Over the course of the next year three more investors who had been defrauded filed claims against the insured. All three claims were submitted to the carrier. The carrier denied the claims and refused to defend the insured. The insured filed suit alleging bad faith, breach of contract and reformation of contract. The court found for the carrier.

 

Final Result

 

In its support of the carrier, the trial court found that the report of the bankruptcy examiner disclosed a number of investments related to the Ponzi scheme and that the new claims arose out of that scenario. The court agreed that the carrier did not owe the insured a duty to defend nor did it owe coverage for any claims. The claims arose from the Ponzi scheme which had been declared in question 9, and therefore the potential for further claims should have been declared in question 10.

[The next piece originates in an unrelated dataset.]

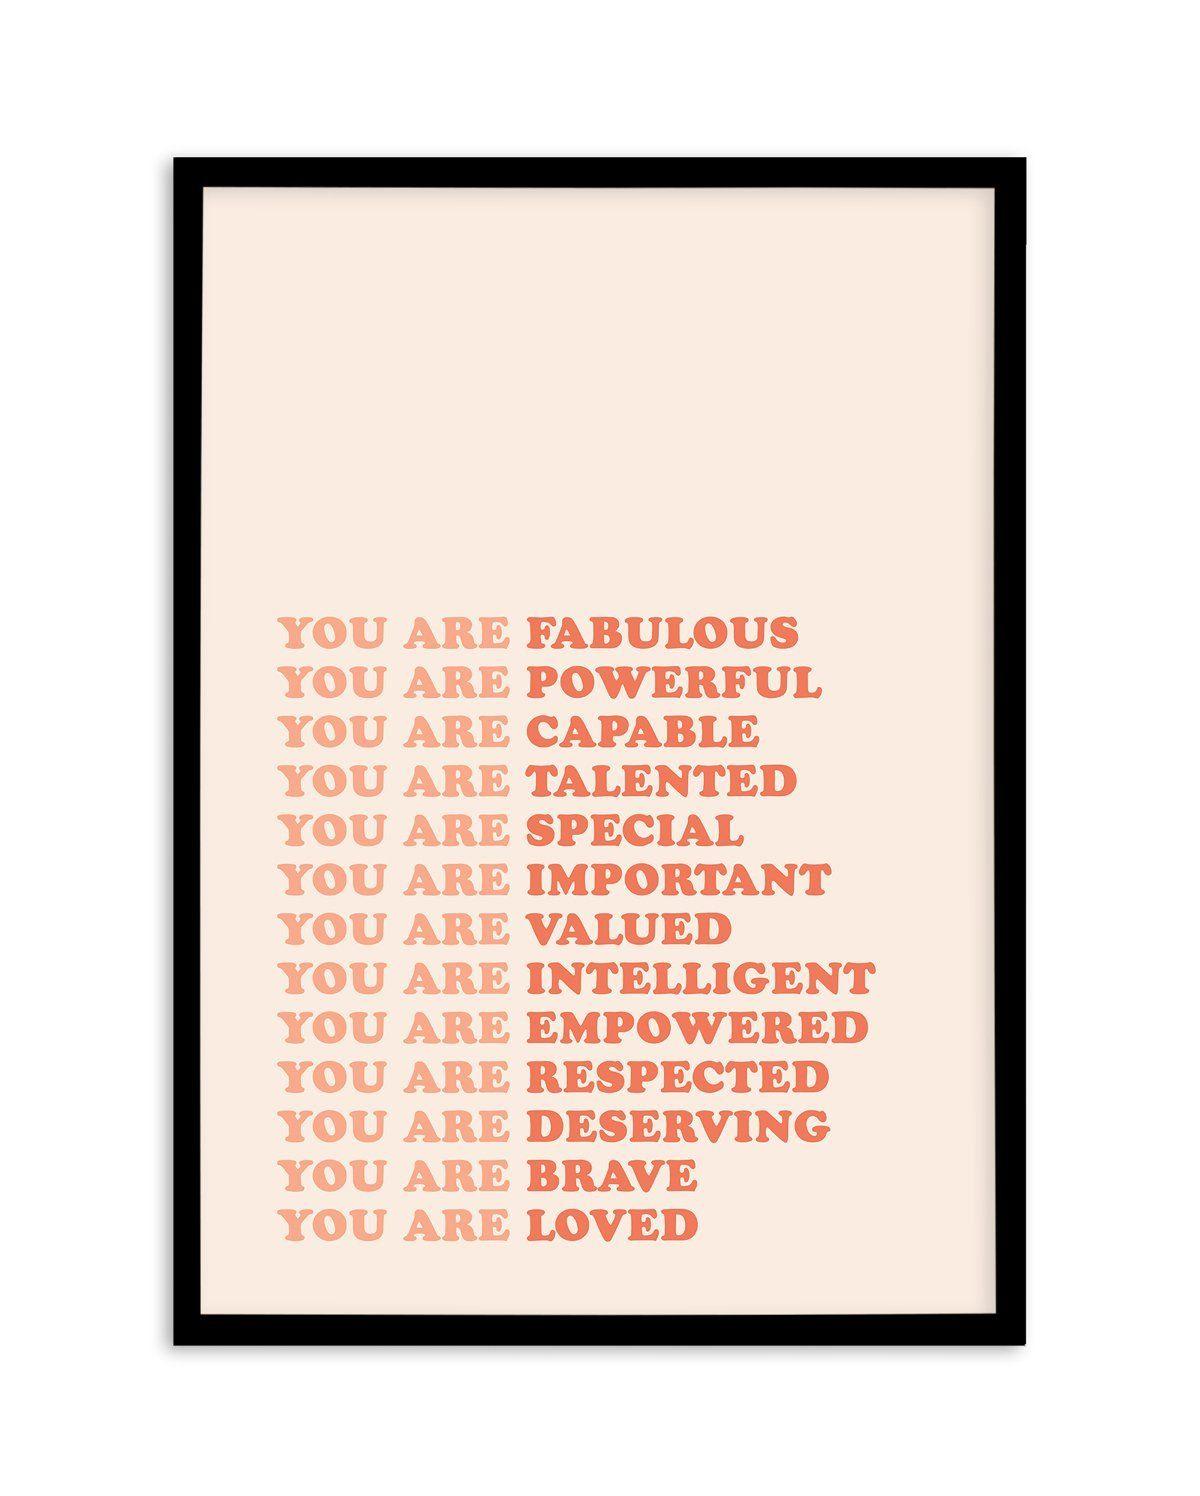 You Are Fabulous - A2 (42cm x 59.4cm | 23.4 x 16.5 | 420mm x 594mm) / Black

Something to consider here – was this an intentional fraud, or an oversight/misunderstanding on the insured's part? The Ponzi scheme was certainly an intent to deceive, but the answers to the questions on the application could have been an oversight/misunderstanding on the insured's part. Either way it still allows the carrier to deny coverage for a loss.

 

Practical tips/fraud indicators: Application fraud is difficult to spot because unless the carrier has knowledge of the insured's situation, the carrier must rely on information provided to it by the insured. This makes it easy for insureds to lie in attempts to get coverage when they know a claim may be filed later. Carriers must thoroughly use the underwriting period to their advantage, and check all records, inspect property, and do what they can to determine the veracity of an application.